When writing out the listing below, reproduce every word exactly and skip the pictures.

SUPPLIED INFORMATION:
________________

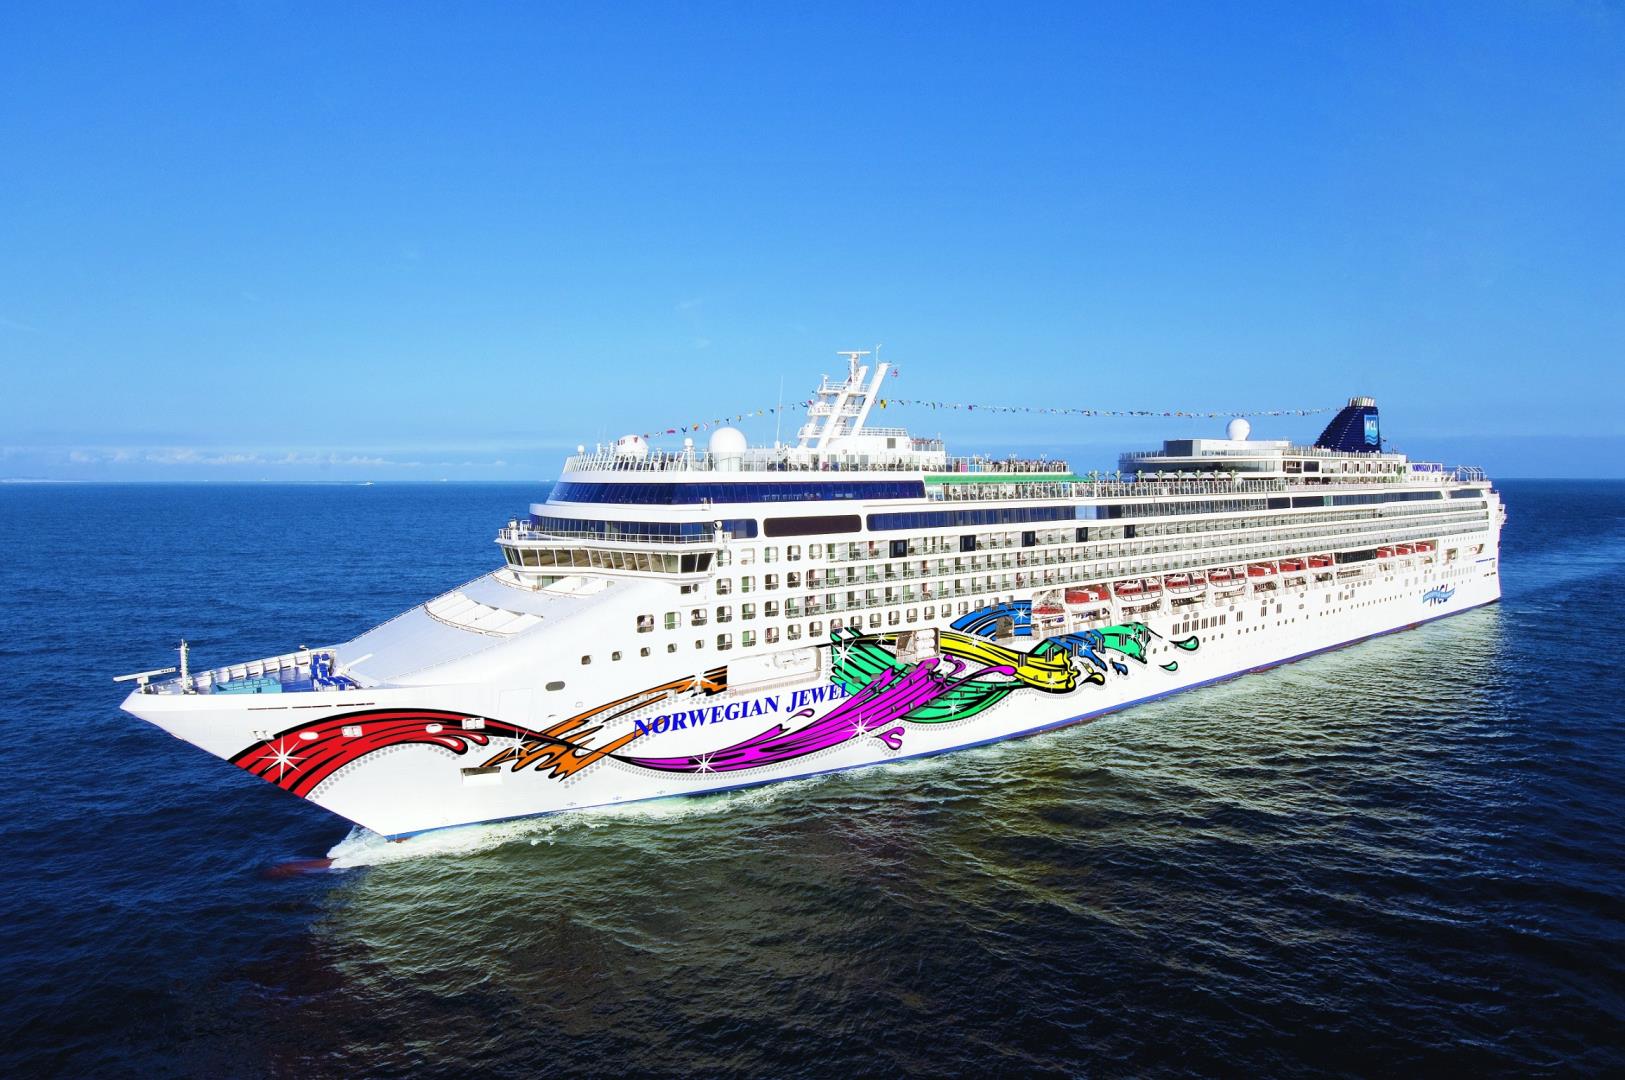 11-day Cruise to Caribbean: Curacao, Aruba & Dominican Republic from Tampa, Florida on Norwegian Jewel
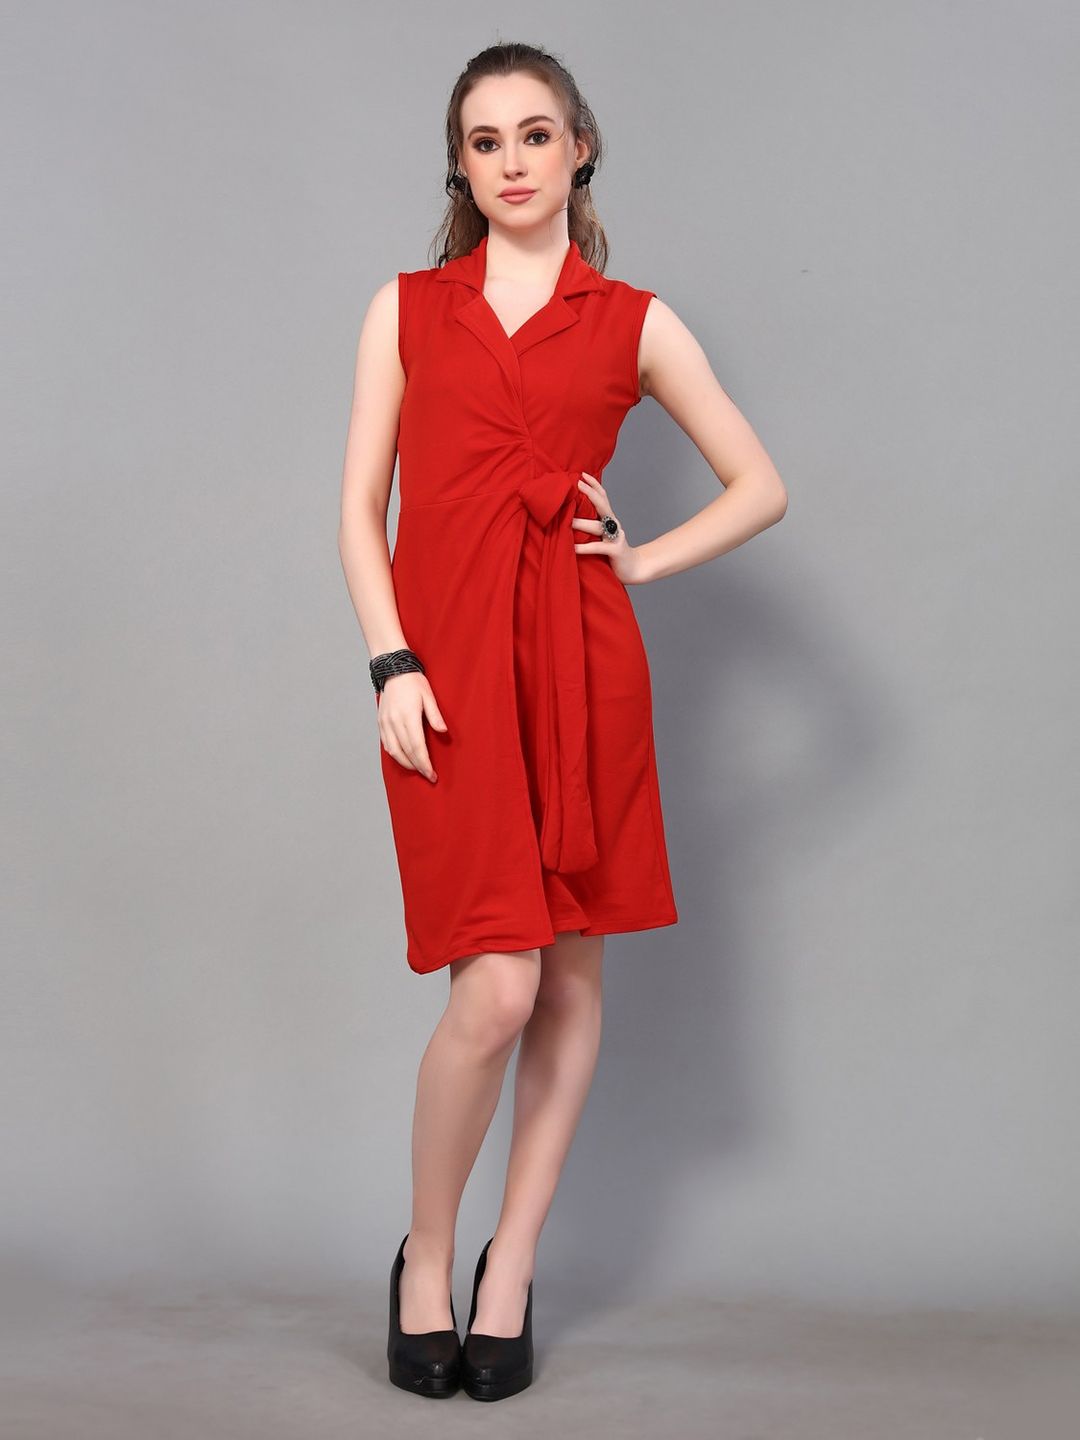 KALINI Red Crepe Dress Price in India
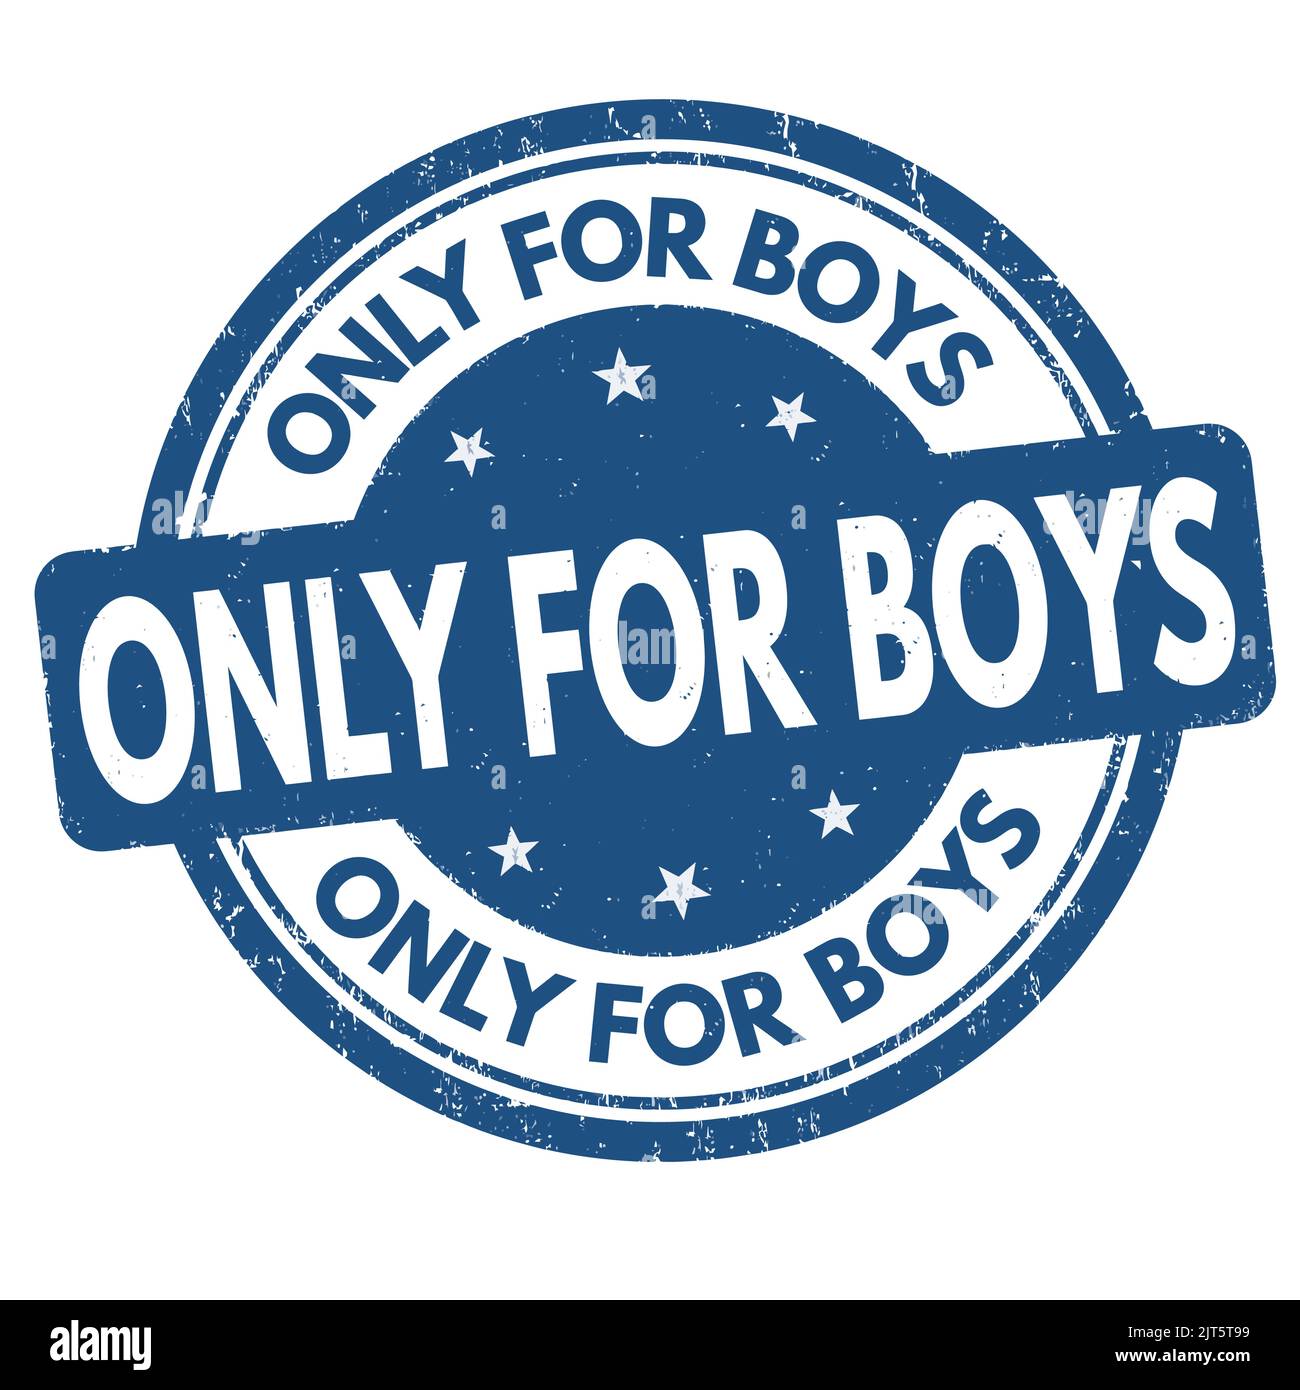 Only for boys grunge rubber stamp on white background, vector illustration Stock Vector
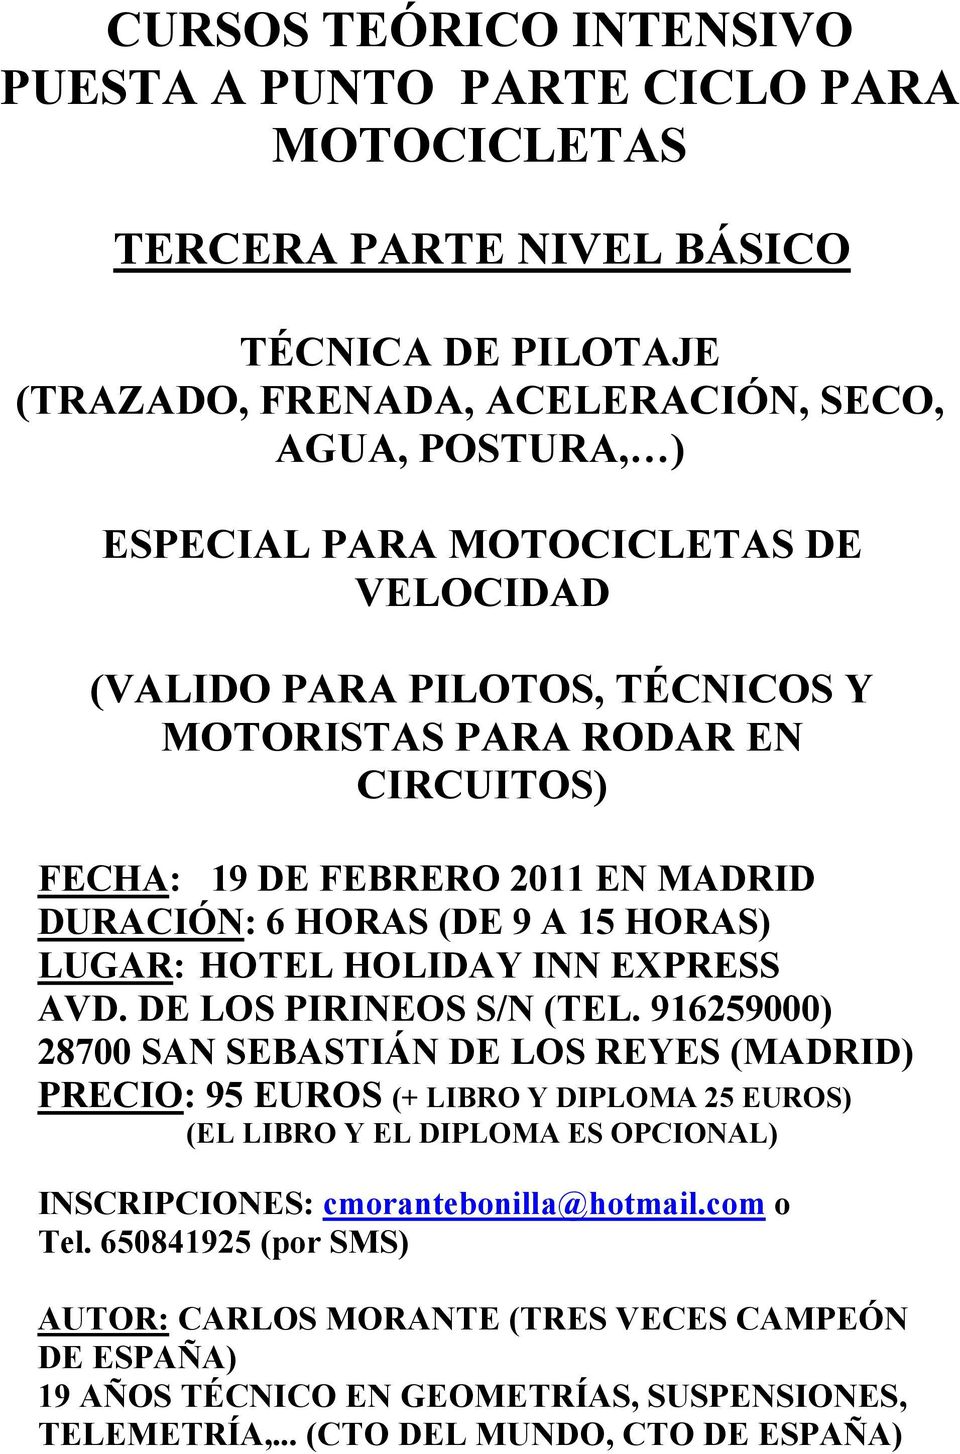 EXPRESS AVD. DE LOS PIRINEOS S/N (TEL.

________________

SOLUTION TO THE EXERCISE:
 11-day Cruise to Caribbean: Curacao, Aruba & Dominican Republic from Tampa, Florida on Norwegian Jewel
 KALINI Red Crepe Dress Price in India
 Only for boys grunge rubber stamp on white background, vector illustration Stock Vector
 EXPRESS AVD. DE LOS PIRINEOS S/N (TEL.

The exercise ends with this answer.